Генри продолжил свои старания. Но теперь стало все труднее и труднее повышать скорость. Путь от двадцати секунд до девятнадцати забрал у него неделю очень тяжкого труда. С девятнадцати до восемнадцати он шел почти две недели. И свыше семи месяцев прошло, прежде чем он смог отчетливо видеть карту за десять секунд.
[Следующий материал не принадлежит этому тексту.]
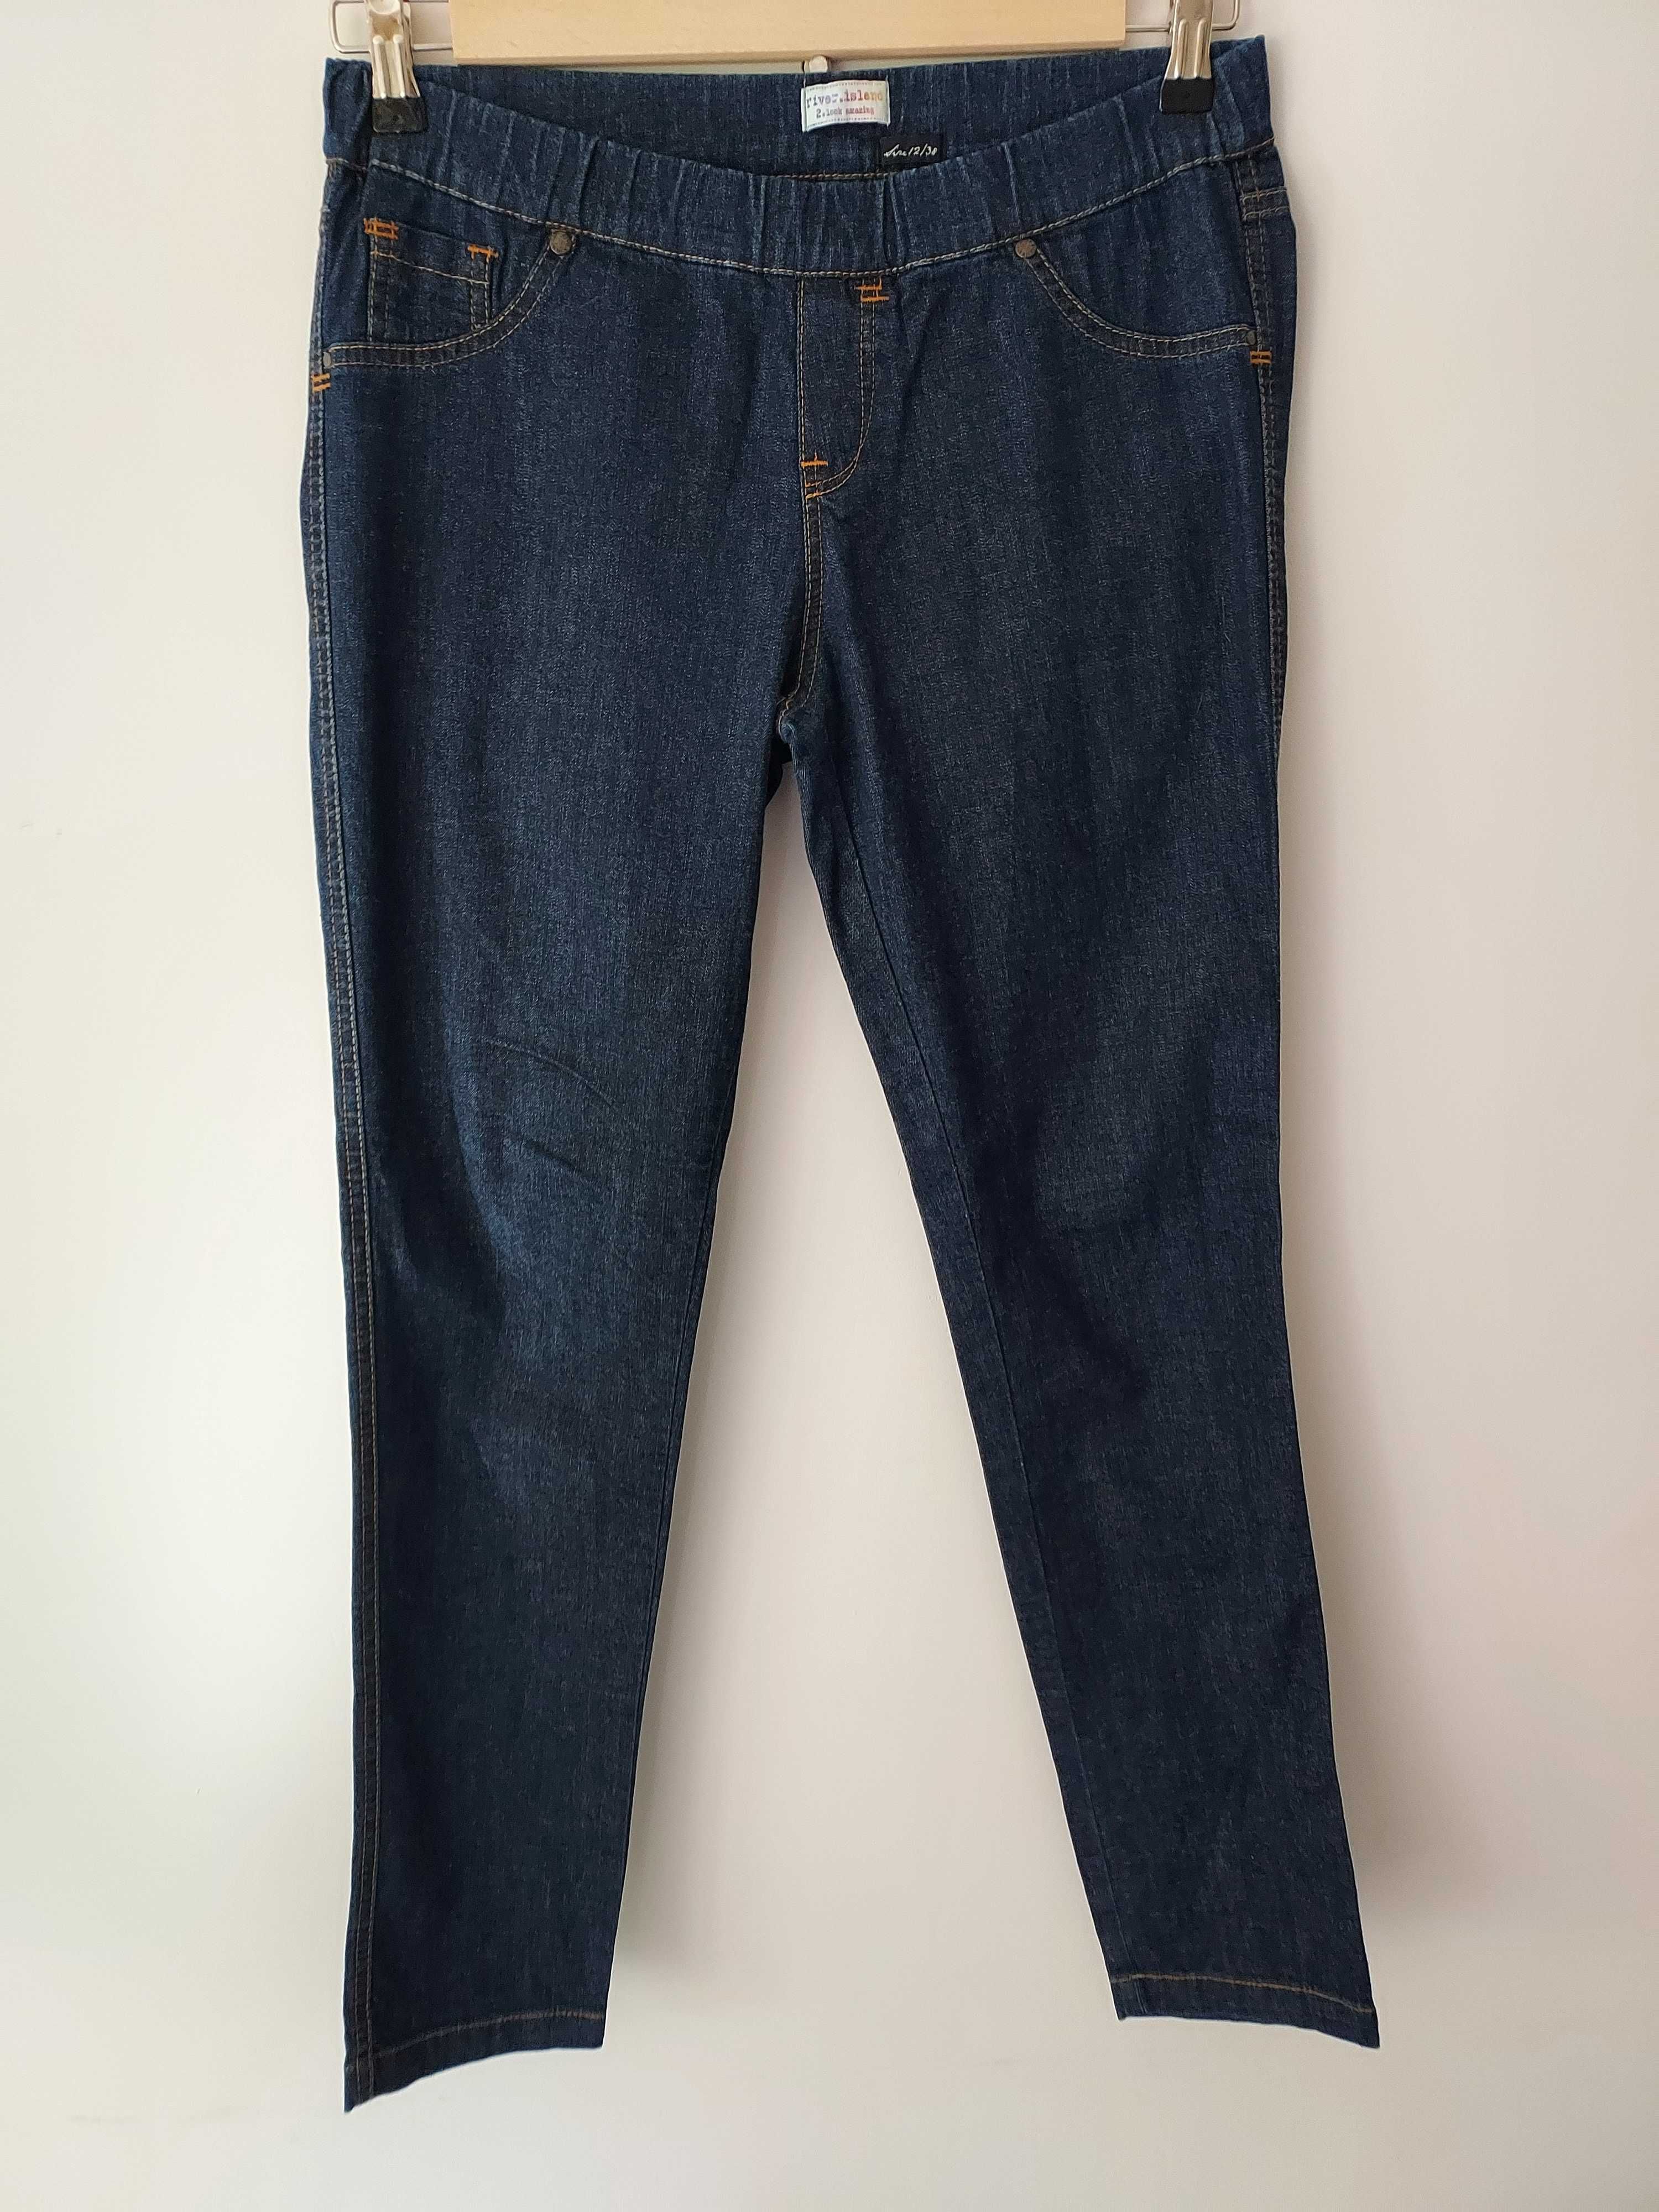 River Islamd spodnie jeansy 38/40

Он поставил себе цель — четыре секунды. Он понимал, что пока не научится видеть карту максимум за четыре секунды, на успех в казино рассчитывать нечего. Но чем ближе становилась цель, тем труднее давались следующие шаги. Снизить время с десяти до девяти секунд удалось лишь за четыре недели, а на ускорение с девяти до восьми секунд ушло еще пять недель. Но на этой стадии упорный труд его совсем не раздражал. Его способность сосредотачиваться возросла до того, что он мог работать по двенадцать часов подряд, не испытывая при этом никаких неудобств. И он твердо верил, что поставленная цель ему по силам, и в конечном счете он ее достигнет. Он не остановится, пока не добьется своего. День за днем, ночь за ночью он согбенно сидел за картами с хронометром в руке и отчаянно сражался с лишними секундами.

Последние три секунды оказались самыми трудными. Чтобы дойти от семи секунд до вожделенных четырех, ему понадобилось целых одиннадцать месяцев!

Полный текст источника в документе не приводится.